Hi,
I am exploring sessions windowing in apache beam. I have created a pipeline
to know the window start time and window end time of the elements emitted
from GroupByKey, which groups elements to which sessions window was
applied.
I got the Exception:
Exception in thread "main"
java.lang.IllegalArgumentException: public void
main.SlidingWindowX$2.processElement(org.apache.beam.sdk.transforms.DoFn$ProcessContext,org.apache.beam.sdk.transforms.windowing.IntervalWindow)
unable to provide window -- expected window type from parameter
(org.apache.beam.sdk.transforms.windowing.IntervalWindow) is not a
supertype of actual window type assigned by windowing (W)
I came to know that when GroupByKey is applied on a PCollection to which
sessions window is applied, the output PCollection emitted from GroupByKey
doesn't have any WindowingStrategy. Is this Correct?
What should be the window type of such elements? How can I know the start
time and end time of the Session window(merged windows)?
If I apply a GroupByKey again on the result from 1st GroupByKey, I get the
Exception:
Exception in thread "main" java.lang.IllegalStateException:
GroupByKey must have a valid Window merge function. Invalid because:
WindowFn has already been consumed by previous GroupByKey
So, should a new window be applied, before I do this?
I am obviously missing a crucial point regarding the output PCollection
emitted from Aggregate Transforms. Can you point me to any documentation
(or) code that explains this behaviour?
After going through the code, I understood that, when Sessions window is
applied, each element is assigned an Interval Window with start_time =
element_timestamp, end_time = element_timestamp + gap. And when an
Aggregation Transform is called, MergeContext is Created for each Key and
the windows are merged. Is it possible to get the MergeContext after
applying Aggregation Transforms?
Can you point me to the design doc for this behaviour?
Pipeline Steps:
1) Read from Kafka using KafkaIO
PCollection<KafkaRecord<String, String>> pcollectIO =
p.apply(KafkaIO.<String, String>read()
.withBootstrapServers("localhost:9092").withTopic("sessionWindowtopic")

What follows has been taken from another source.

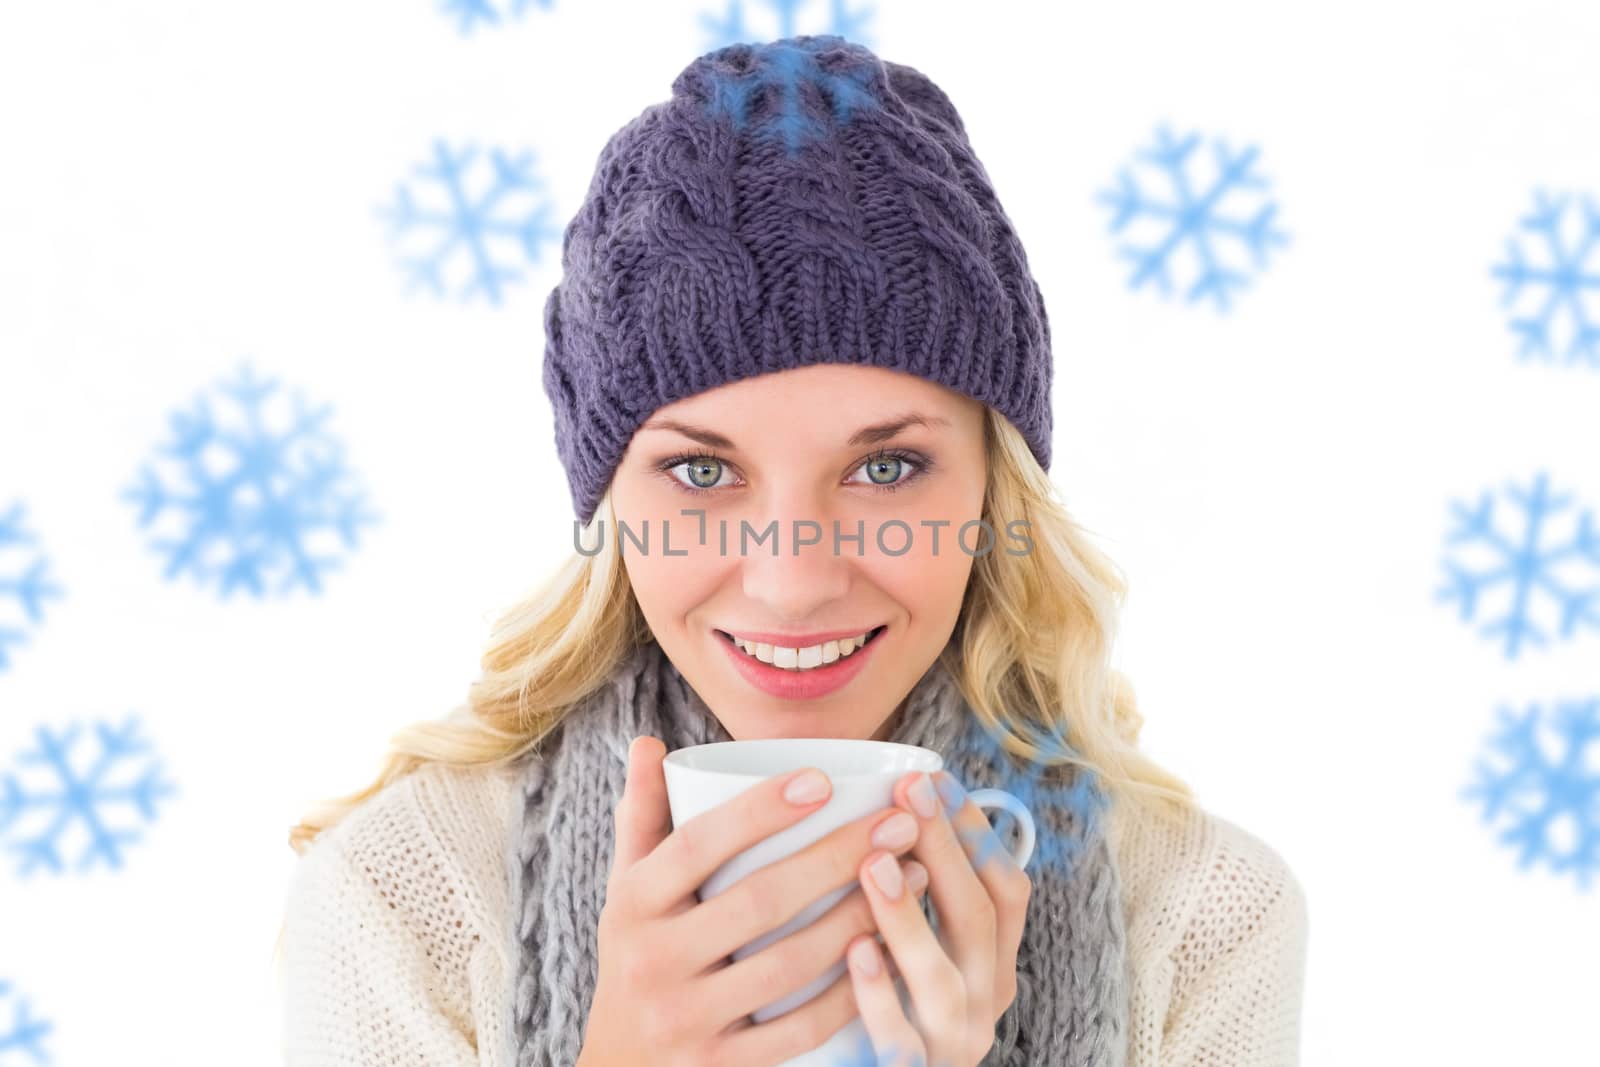 Pretty blonde in winter fashion holding mug against snowflakes

.withKeyDeserializer(StringDeserializer.class).withValueDeserializer(StringDeserializer.class)
2) Convert KafkaRecord to KV
PCollection<KV<String, String>> pcollectKV = pcollectIO
.apply(ParDo.of(new DoFn<KafkaRecord<String, String>,
KV<String, String>>() {
@ProcessElement
public void processElement(@Element KafkaRecord<String,
String> record,
OutputReceiver<KV<String, String>> r) {
r.output(record.getKV());
}
}));
3) Apply sessions window
PCollection<KV<String, String>> pcollectW2 = pcollectKV
.apply(Window.<KV<String, String>>into(
Sessions.withGapDuration(Duration.standardSeconds(5))));
4) 1st GroupByKey
PCollection<KV<String, Iterable<String>>> pcollectAfterGroupBy =
pcollectW2.apply(GroupByKey.<String, String>create());
5) ParDo to output the window start time and the window end time of each
element of the PCollection emitted from GroupByKey.
pcollectAfterGroupBy.apply(ParDo.of(new DoFn<KV<String,
Iterable<String>>, Void>() {
@ProcessElement
public void processElement(ProcessContext c, IntervalWindow b) {
System.out.println(b.start());
System.out.println(b.end());
}
6) 2nd GroupByKey (used just for exploring sessions window)
PCollection<KV<String, Iterable<Iterable<String>>>>
pcollectCascaded = pcollectAfterGroupBy.apply(GroupByKey.<String,
Iterable<String>>create());
Thanks,
Rahul